Seorang kepala dusun dipilih dengan cara musyawarah. Pertama-tama para penglingsir atau tetua adat yang merupakan penasehat Pangemban Adat kepala dusun akan
mengajukan satu nama yang dirasa paling berkualitas di antara pemuda di Desa Sade, kemudian di dalam forum calon tunggal ini diundang, dihadiri pula oleh kepala dusun,
penglingsir adat, serta semua kepala keluarga sebagai perwakilan krama adat. Saat itulah dilaksanakan musyawarah untuk mencapai mufakat, kemudian apabila semua krama atau
masyarakat sejutu maka disahkanlah dia menjadi kepala dusun yang baru. Saat dilantik atau di simbik ada upacara kecil sebagai simbolis pelantikannya secara adat.
35
Perempuan tidak dapat menjadi kepala dusun karena di Dusun Sade menganut sistem patrilineal, dimana pihak laki-laki yang memiliki posisi lebih tinggi dibandingkan
perempuan. Anak laki-laki disekolahkan sampai setinggi-tingginya hingga perguruan tinggi kalau bisa dan boleh merantau keluar. Sedangkan pihak perempuan hanya memiliki
pendidikan SMA, itulah yang paling tingggi. Biasanya setelah tamat SMA pihak perempuan akan langsung menikah. Perempuan juga dilarang keluar dusun jika tidak ditemani oleh
keluarga atau saudara kandung. Jika kepala dusun sudah terlalu tua atau pikun maka jabatannya akan segera
digantikan, dan diadakan musyawarah untuk pemilihannya. Kepala dusun juga akan diganti jika sudah tidak layak menjabat melanggar norma adat atau tidak dapat melakukan tugas
dan kewajibannya dengan baik. Seorang pemimpin adat bukanlah keturunan pahlawan masa lampau atau dewa,
masyarakat menganggap bahwa seorang kepala dusun memiliki kepribadiaan yang unggul, memiliki pengetahuan dan akhlak lebih tinggi dari pada masyarakat biasa sehingga patut
diteladani. Terdapat mitos tentang kepemimpinan adat.

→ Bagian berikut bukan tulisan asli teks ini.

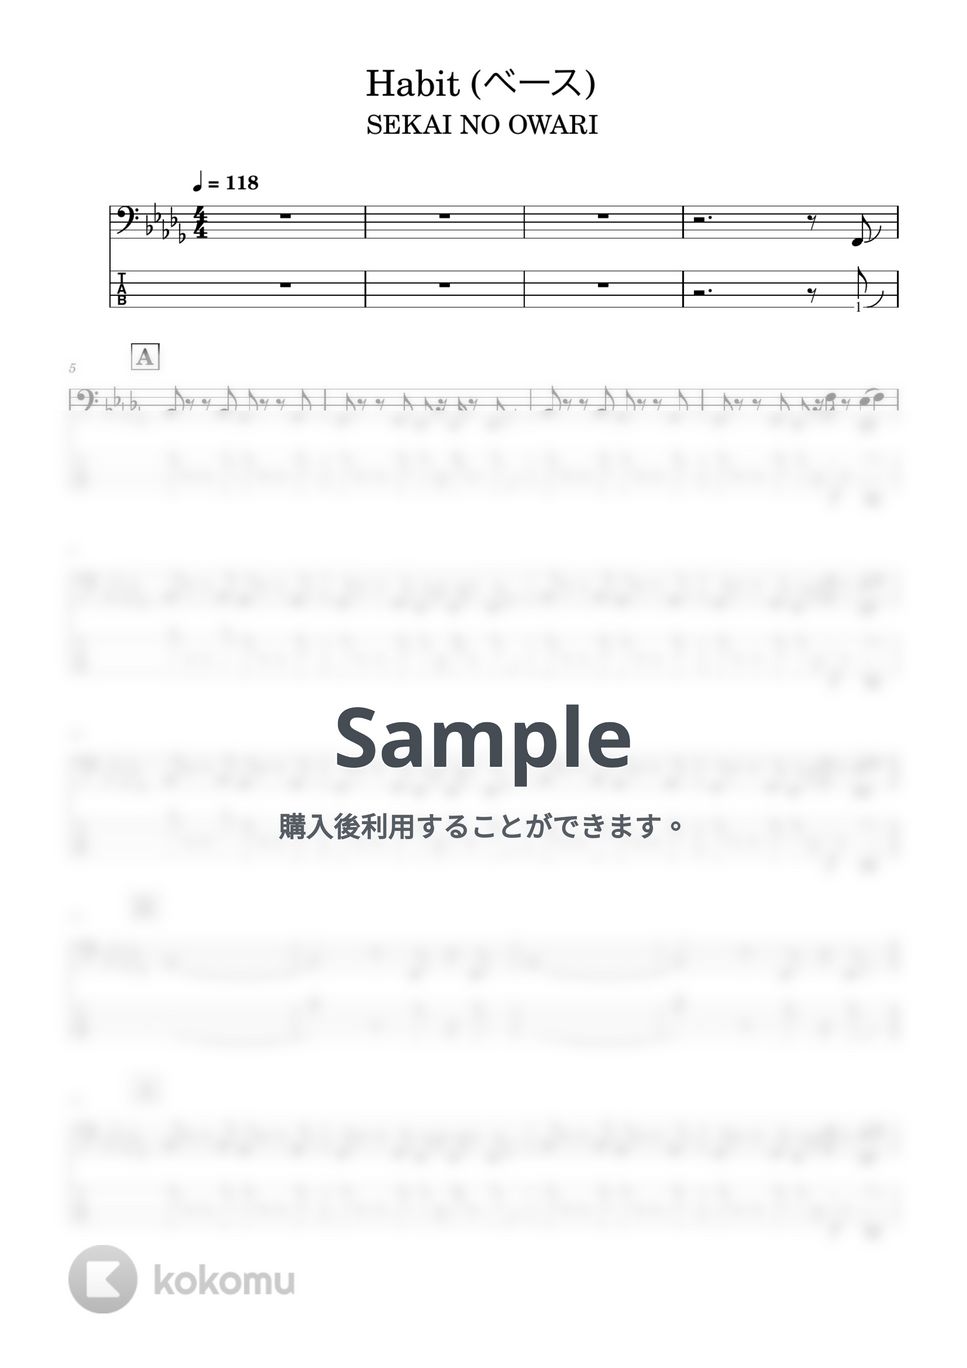 SEKAI NO OWARI - Habit (映画『ホリック xxxHOLiC』主題歌、ベース譜) by Kodai Hojo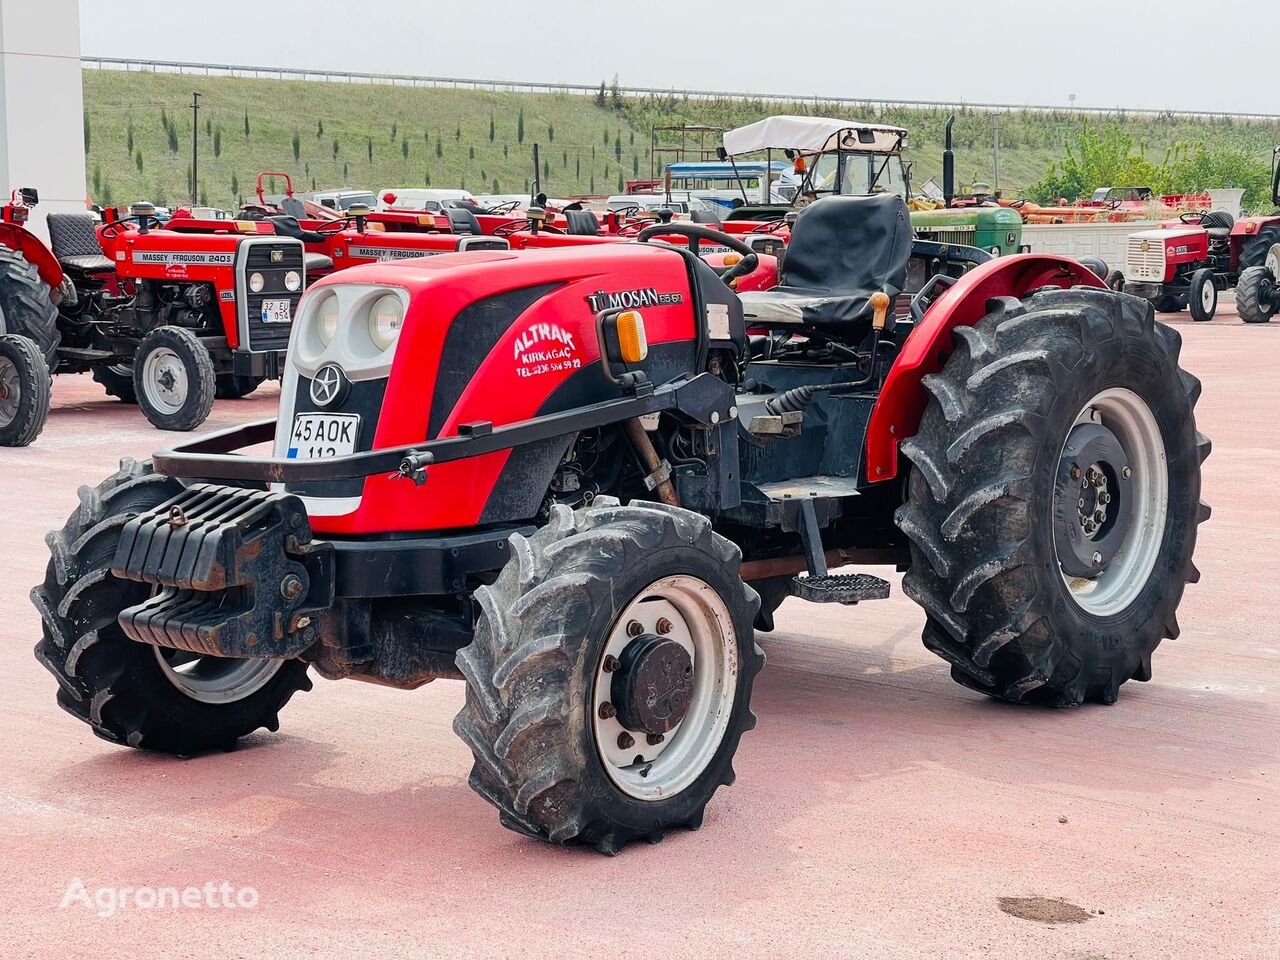 Tümosan 6560 mini tractor

Orang tua atau leluhur Dusun Sade selalu
merindukan kemunculan pimpinan yang disebut Emban Pejanggik Datu Pejanggik, pemimpin yang berjiwa arif bijaksana. Seperti layaknya di Jawa terdapat Satrio Piningit atau
Ratu Adil, dan di ajaran agama ada Imam Mahdi. Saat sosok itu muncul maka dunia akan damai, aman, dan sejahtera. Datu Pejanggik dianggap figur yang belum waktunya datang ke
dunia, sosok ini dianggap masih dalam masa penempaan sehingga kelak siap menerangi dunia. Masyarakat belum tahu apakah sosok yang seperti itu hanya ada di mitos atau benar-
benar akan terlaksana. Pemimpin adat memiliki keistimewaan khusus untuk memutuskan perkara. Keputusan
ini selalu berdasarkan musyawarah dan mufakat. Karena sosoknya yang dianggap unggul dan patut diteladani, maka setiap warga selalu mendengar dan menuruti keputusan dari kepala
dusun. Seorang pemimpin adat atau kepala dusun tidak memiliki hak istimewa terhada istri dan perempuan yang disukainya. Jika berpoligami atau selingkuh maka kepala dusun akan
tercoreng kehormatannya, dan dianggap tidak layak lagi menjadi kepala dusun. Tidak terdapat pemimpin adat yang berbeda untuk masa damai dan masa perang. Semua urusan
dinas dan adat merupakan tanggung jawab kepala dusun untuk mengkoordinirnya. Di Dusun Sade tidak ada perselisihan di antara anggota keluarga karena
memperebutkan posisi pemimpin adat, masyarakat akan menilai sendiri siapa sosok yang
36
memang pantas untuk jabatan tersebut. Mereka tidak ada berkeinginan untuk memperebutkan jabatan vital tersebut karena tahu, tanggung jawab yang akan diemban sangatlah berat.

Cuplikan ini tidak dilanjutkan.